== Material shown ==
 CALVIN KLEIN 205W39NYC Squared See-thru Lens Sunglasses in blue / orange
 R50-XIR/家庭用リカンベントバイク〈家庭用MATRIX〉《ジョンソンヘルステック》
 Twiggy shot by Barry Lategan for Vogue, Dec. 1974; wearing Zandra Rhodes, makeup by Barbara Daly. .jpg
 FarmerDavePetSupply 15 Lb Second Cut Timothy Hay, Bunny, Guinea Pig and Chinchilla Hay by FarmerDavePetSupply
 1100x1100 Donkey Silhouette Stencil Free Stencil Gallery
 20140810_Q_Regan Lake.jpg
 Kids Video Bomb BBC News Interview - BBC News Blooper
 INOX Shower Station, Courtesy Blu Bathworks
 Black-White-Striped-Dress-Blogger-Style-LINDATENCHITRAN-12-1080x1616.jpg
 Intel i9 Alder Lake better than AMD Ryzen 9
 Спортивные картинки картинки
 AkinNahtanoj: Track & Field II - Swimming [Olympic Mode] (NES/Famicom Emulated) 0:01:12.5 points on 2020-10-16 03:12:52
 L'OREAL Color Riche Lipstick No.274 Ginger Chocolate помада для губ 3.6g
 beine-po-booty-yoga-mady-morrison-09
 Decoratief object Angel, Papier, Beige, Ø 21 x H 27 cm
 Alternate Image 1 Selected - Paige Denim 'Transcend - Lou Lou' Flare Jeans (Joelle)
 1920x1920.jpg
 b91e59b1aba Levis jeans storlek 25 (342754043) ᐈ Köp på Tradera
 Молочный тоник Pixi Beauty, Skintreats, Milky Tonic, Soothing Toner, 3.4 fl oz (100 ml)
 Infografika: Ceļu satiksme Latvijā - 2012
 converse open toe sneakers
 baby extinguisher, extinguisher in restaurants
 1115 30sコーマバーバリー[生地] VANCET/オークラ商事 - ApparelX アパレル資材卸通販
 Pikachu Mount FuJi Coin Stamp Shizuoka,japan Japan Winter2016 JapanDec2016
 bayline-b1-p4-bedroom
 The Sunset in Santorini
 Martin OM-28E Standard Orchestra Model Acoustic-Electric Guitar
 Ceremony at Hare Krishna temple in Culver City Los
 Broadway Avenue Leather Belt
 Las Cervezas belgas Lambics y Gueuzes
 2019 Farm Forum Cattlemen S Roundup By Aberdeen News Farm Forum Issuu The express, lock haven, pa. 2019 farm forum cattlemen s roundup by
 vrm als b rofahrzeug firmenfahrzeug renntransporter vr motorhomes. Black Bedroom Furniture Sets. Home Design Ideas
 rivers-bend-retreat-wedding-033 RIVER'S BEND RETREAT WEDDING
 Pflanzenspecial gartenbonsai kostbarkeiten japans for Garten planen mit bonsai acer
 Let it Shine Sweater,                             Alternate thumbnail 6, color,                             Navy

== Exercise directions ==
From the line that has "FarmerDavePetSupply 15 Lb" through the line that has "baby extinguisher, extinguisher", copy every line exactly as it appears above, and leave out all others.

== Exercise solution ==
 FarmerDavePetSupply 15 Lb Second Cut Timothy Hay, Bunny, Guinea Pig and Chinchilla Hay by FarmerDavePetSupply
 1100x1100 Donkey Silhouette Stencil Free Stencil Gallery
 20140810_Q_Regan Lake.jpg
 Kids Video Bomb BBC News Interview - BBC News Blooper
 INOX Shower Station, Courtesy Blu Bathworks
 Black-White-Striped-Dress-Blogger-Style-LINDATENCHITRAN-12-1080x1616.jpg
 Intel i9 Alder Lake better than AMD Ryzen 9
 Спортивные картинки картинки
 AkinNahtanoj: Track & Field II - Swimming [Olympic Mode] (NES/Famicom Emulated) 0:01:12.5 points on 2020-10-16 03:12:52
 L'OREAL Color Riche Lipstick No.274 Ginger Chocolate помада для губ 3.6g
 beine-po-booty-yoga-mady-morrison-09
 Decoratief object Angel, Papier, Beige, Ø 21 x H 27 cm
 Alternate Image 1 Selected - Paige Denim 'Transcend - Lou Lou' Flare Jeans (Joelle)
 1920x1920.jpg
 b91e59b1aba Levis jeans storlek 25 (342754043) ᐈ Köp på Tradera
 Молочный тоник Pixi Beauty, Skintreats, Milky Tonic, Soothing Toner, 3.4 fl oz (100 ml)
 Infografika: Ceļu satiksme Latvijā - 2012
 converse open toe sneakers
 baby extinguisher, extinguisher in restaurants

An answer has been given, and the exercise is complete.